The conventional approach for estimating hydrocarbon recovery is to generate complex geological models with multimillion grid cells. Such models are time-consuming to construct, so that relatively few versions are generated, despite the fact that there is much uncertainty in reservoir structure. Large models generally require upscaling to reduce the number of cells for flow simulation, and much fine-scale detail may be lost during this stage. In addition, engineers may significantly alter the model permeabilities during history-matching, so the final model may be quite different from the original one. To overcome these problems, ‘top-down’ and ‘scenario-based’ approaches are now being developed (e.g. Williams *et al.* 2004; Bentley & Woodhead 1998). In cases where there is much uncertainty, for example at the start of field development, large numbers of coarse-scale models are generated so that the effects of uncertainty can be fully investigated. Later in the life of a field, the data may be more certain, and more detailed models may be required to assess issues such as infill drilling and EOR strategies. At this stage, more careful simulation and upscaling may be necessary.
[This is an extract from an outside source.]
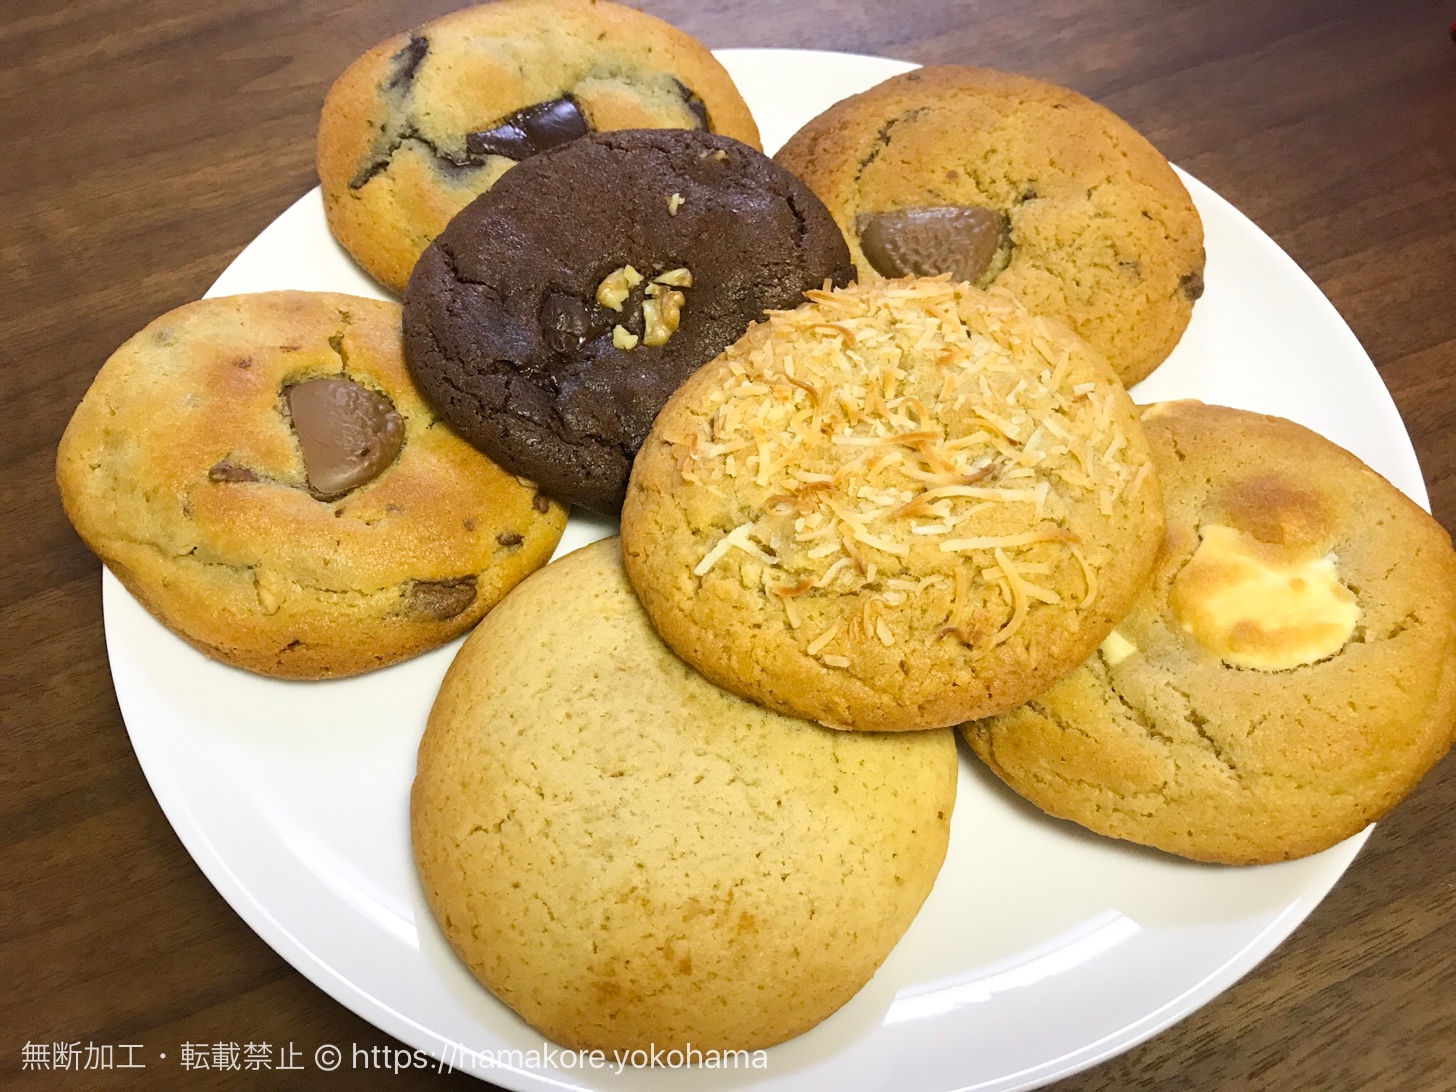 横浜 日本大通り クッキー専門店 ベンズクッキー のイギリス発クッキーは手土産に喜ばれた はまこれ横浜

The aim of this paper is to consider upscaling and its applicability during early and late stages of field development. We start with a brief discussion on conventional upscaling methods, and then introduce the SPE 10 model which was used in this study. Then we investigate the nature of coarse-scale permeabilities, using history-matched values which reproduce the fine-scale results. This helps us to explain how errors in conventional upscaling arise, and leads to a suggestion for an alternative modelling approach for the early stages of field development. We then consider cases where more detailed modelling is required (later stages of field development), and put forward an improved method for upscaling, suitable for highly heterogeneous models with complex geological structures.

## Upscaling

In this paper, we are focusing on upscaling as a means of reducing the number of cells in the geological model, so that it can be used for full field simulation. At this level, usually only single-phase upscaling is performed, because two-phase upscaling is time-consuming and difficult to apply (e.g. Barker & Thibeau 1997). A number of reviews of single-phase upscaling methods have been written (e.g. Renard & Marsily 1997), so we do not provide a full review here. Instead, we concentrate on pressure solution methods. Figure 1 shows a schematic diagram of this approach. In this figure, we show a particular form of boundary conditions (step 1) – i.e. fixed pressure at the edges and no flow through the sides. Although other boundary conditions may be applied, these are most commonly used, and have been employed in this study. (In the SPE 10 study (Christie & Blunt 2001), these boundary conditions gave the most accurate results.) Also, in this version of the method, the boundary conditions are applied to each coarse cell, and this is referred to as the local upscaling method.

## The SPE 10 model

In this study, we have used the geological model (model 2) from the 10th SPE Comparative Solution Project on Upscaling (Christie & Blunt 2001), and we present an overview of the main features of the model, before describing the tests. This model represents part of a Brent sequence, and consists of 60×220×85 cells, each of 20×10×2 ft. The top 35 layers represent the Tarbert formation (a prograding nearshore environment) and the bottom 50 layers represent the Upper Ness formation (fluvial); see Figure 2. The k_{v}/k_{h} ratio in the model was 0.3 in the channels and 10^{−3} in the background. There are five wells: a water injector and four oil producers, arranged in a five-spot pattern. The relative permeabilities are similar for oil and water: a power-law with an exponent of 2. The viscosity of water is 0.3 and that for oil is 3.0, making the flood unstable.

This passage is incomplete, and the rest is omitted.